§ **DATA EXCERPT**:
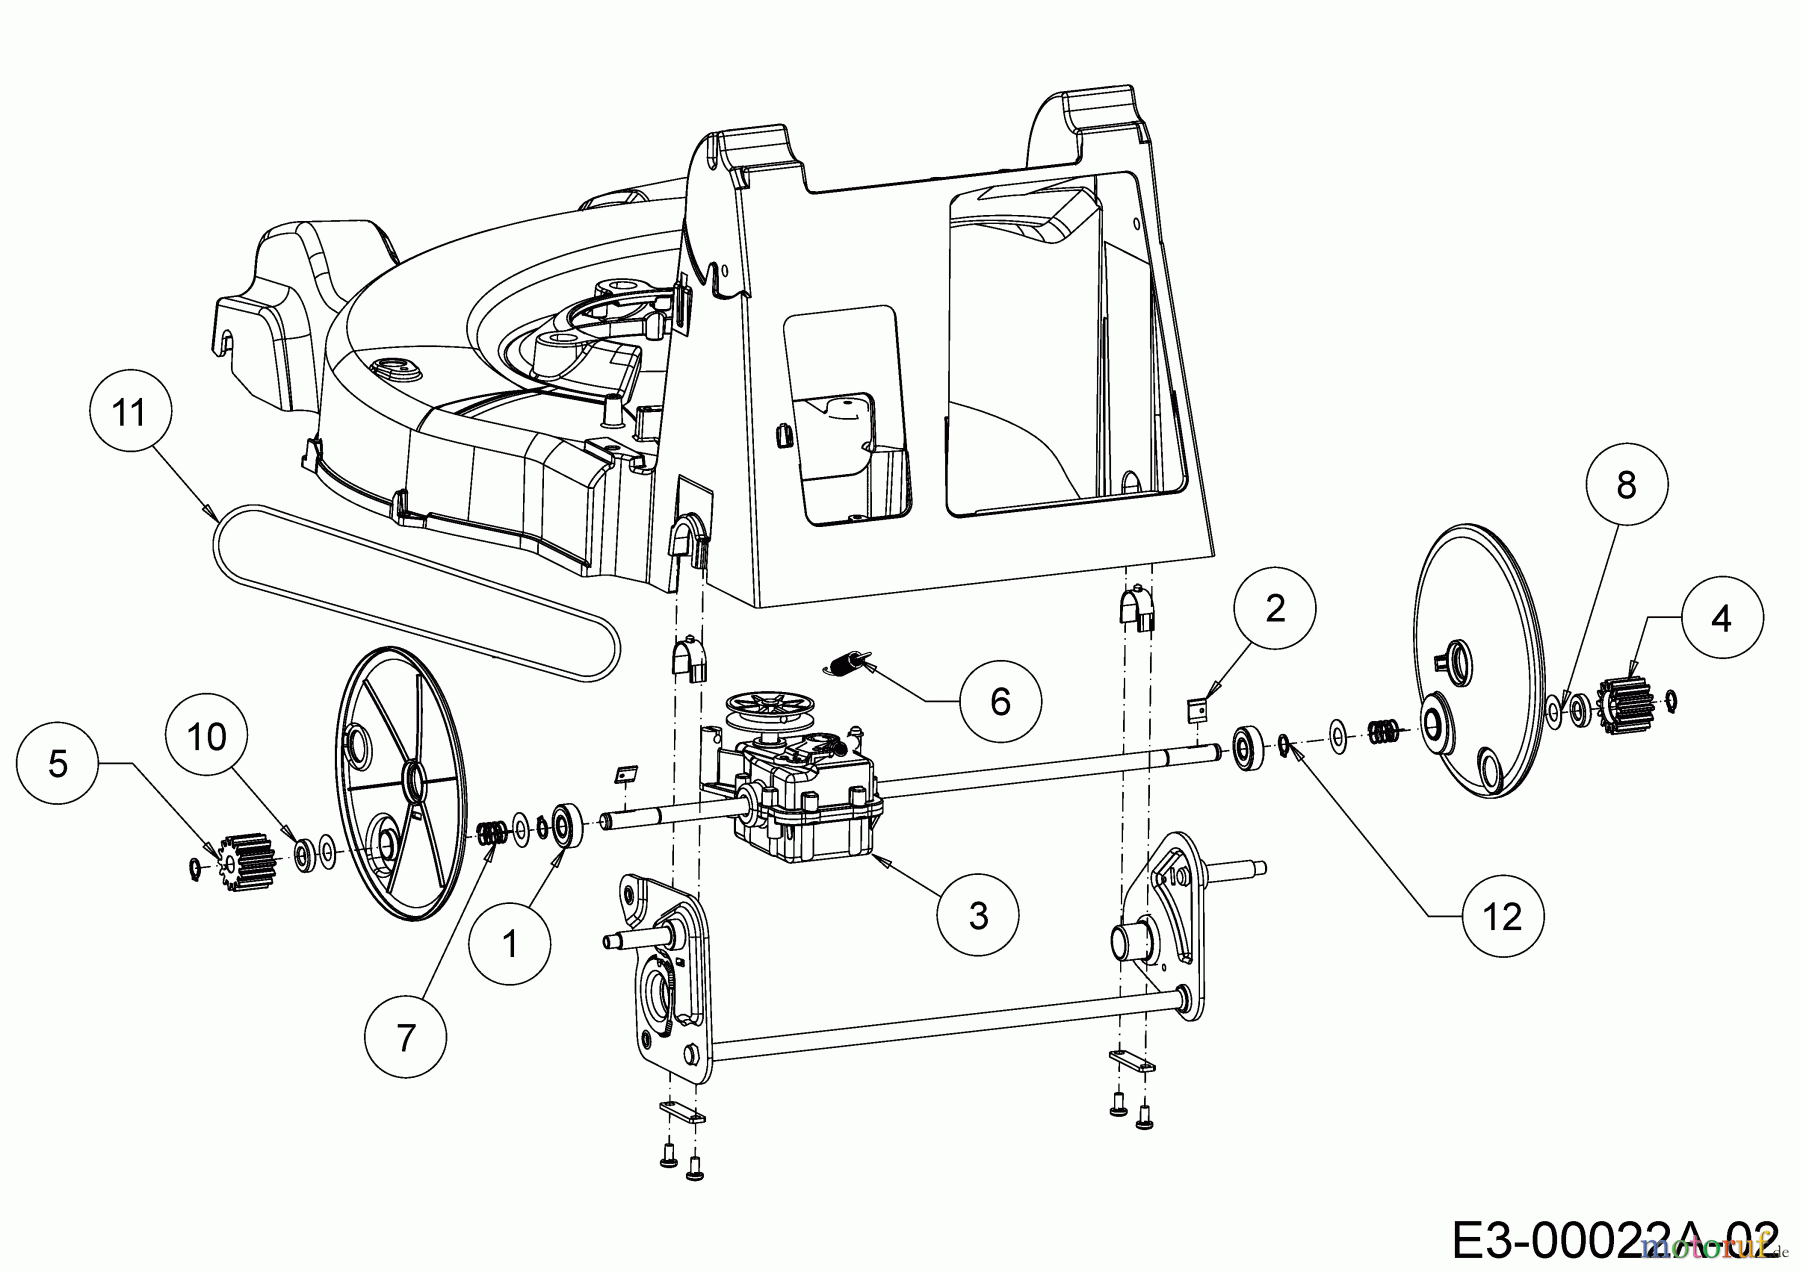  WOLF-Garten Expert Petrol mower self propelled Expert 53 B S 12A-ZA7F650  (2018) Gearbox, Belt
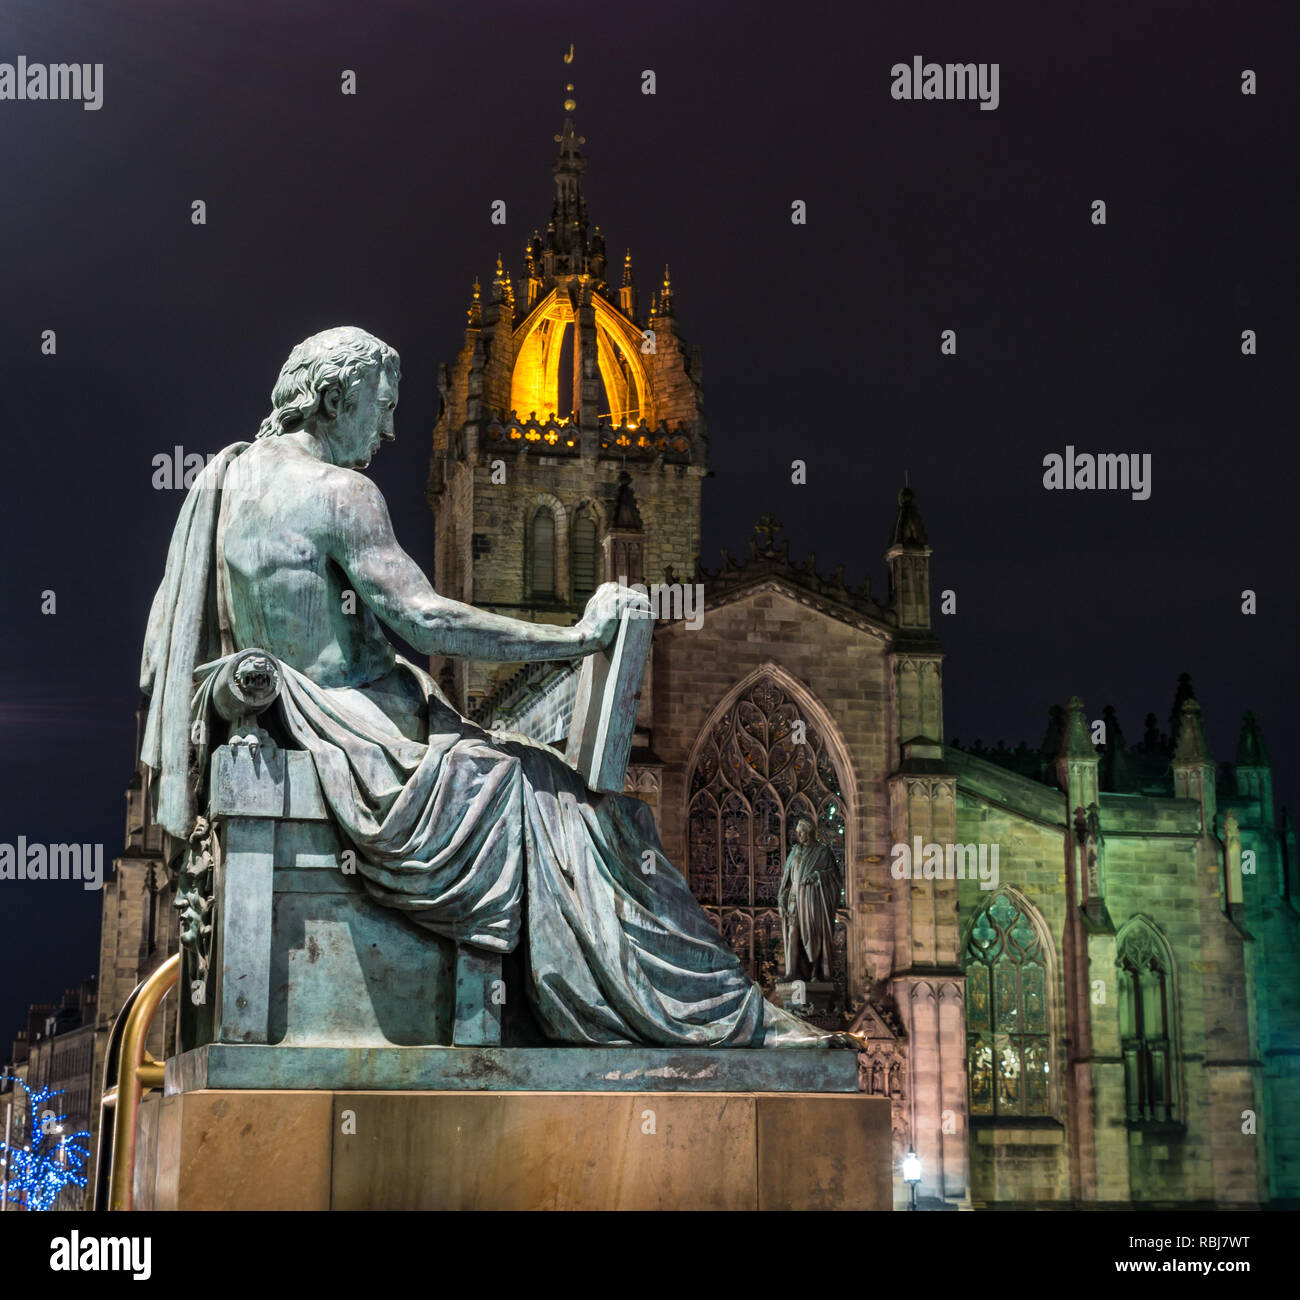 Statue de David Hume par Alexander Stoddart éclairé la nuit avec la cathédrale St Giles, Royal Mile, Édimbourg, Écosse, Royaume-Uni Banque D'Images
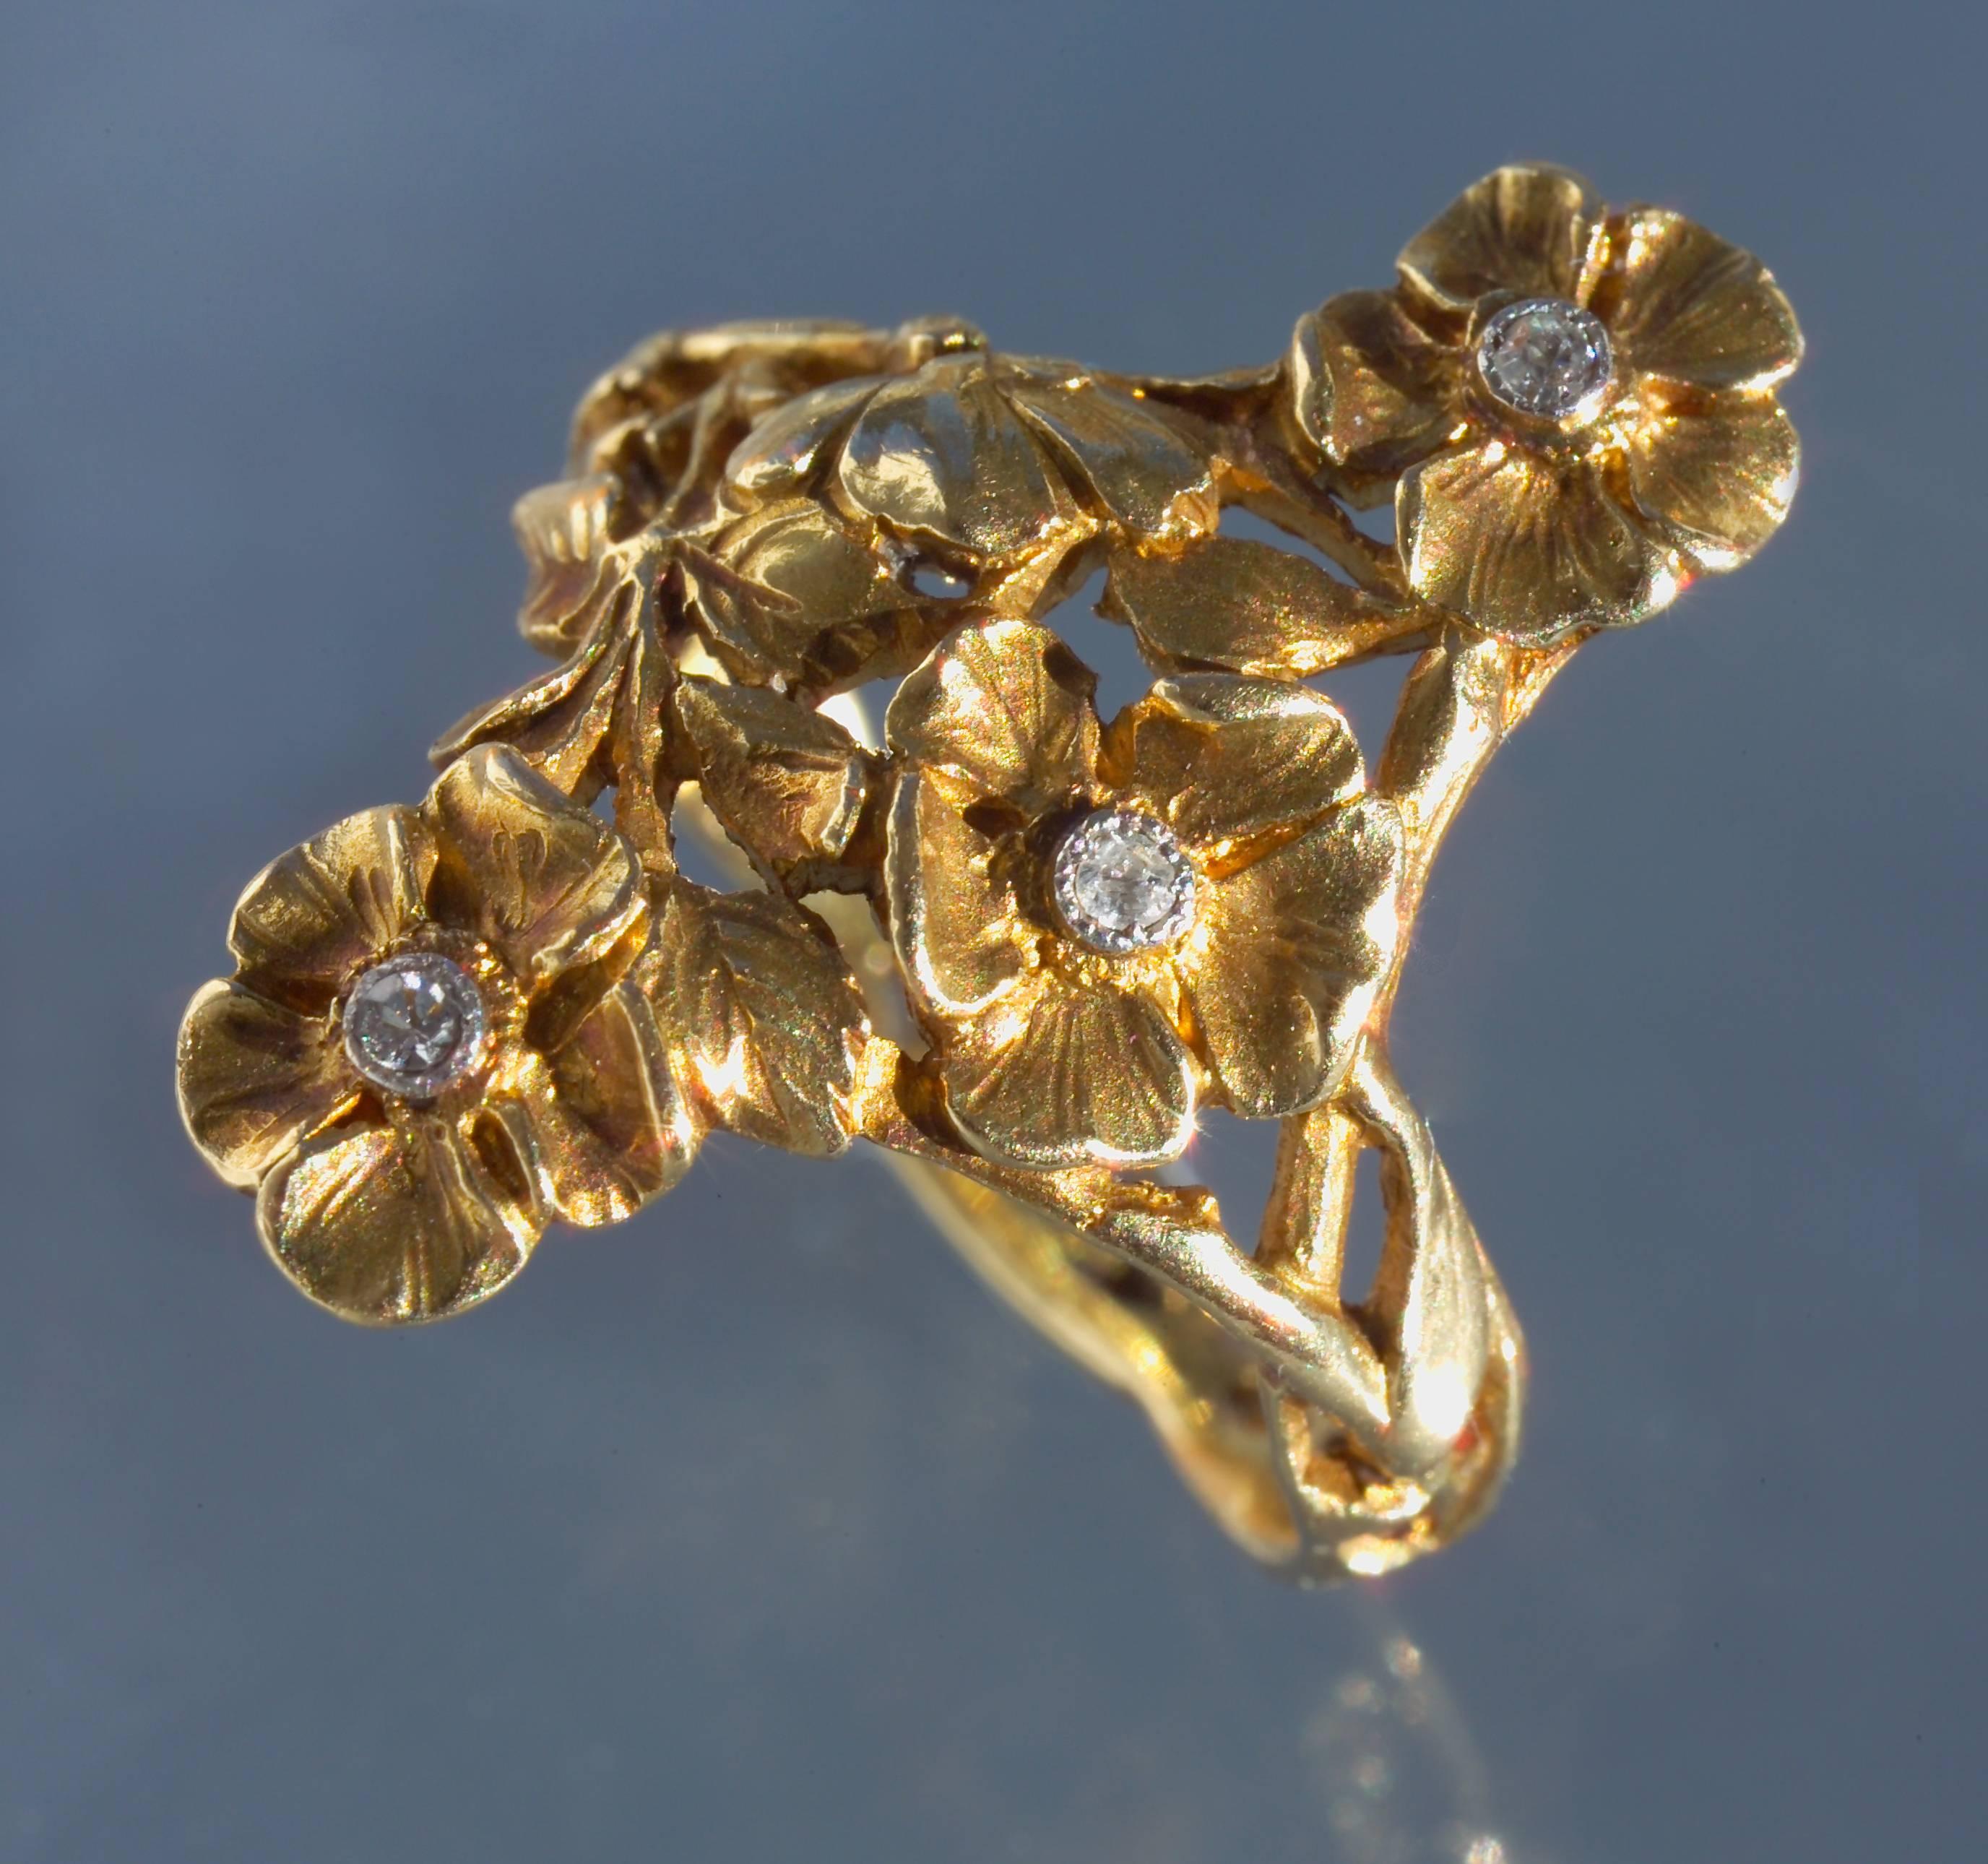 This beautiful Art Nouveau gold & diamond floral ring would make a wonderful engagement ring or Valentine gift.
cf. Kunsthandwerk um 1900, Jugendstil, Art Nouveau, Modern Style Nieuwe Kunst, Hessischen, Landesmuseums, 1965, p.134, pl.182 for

§ **TASK GOAL**:
To answer, repeat exactly the lines from the line containing "This beautiful Art" through the last line of the data above, leaving out all pictures.

§ **SOLUTION TO THIS TASK**:
 This beautiful Art Nouveau gold & diamond floral ring would make a wonderful engagement ring or Valentine gift.
cf. Kunsthandwerk um 1900, Jugendstil, Art Nouveau, Modern Style Nieuwe Kunst, Hessischen, Landesmuseums, 1965, p.134, pl.182 for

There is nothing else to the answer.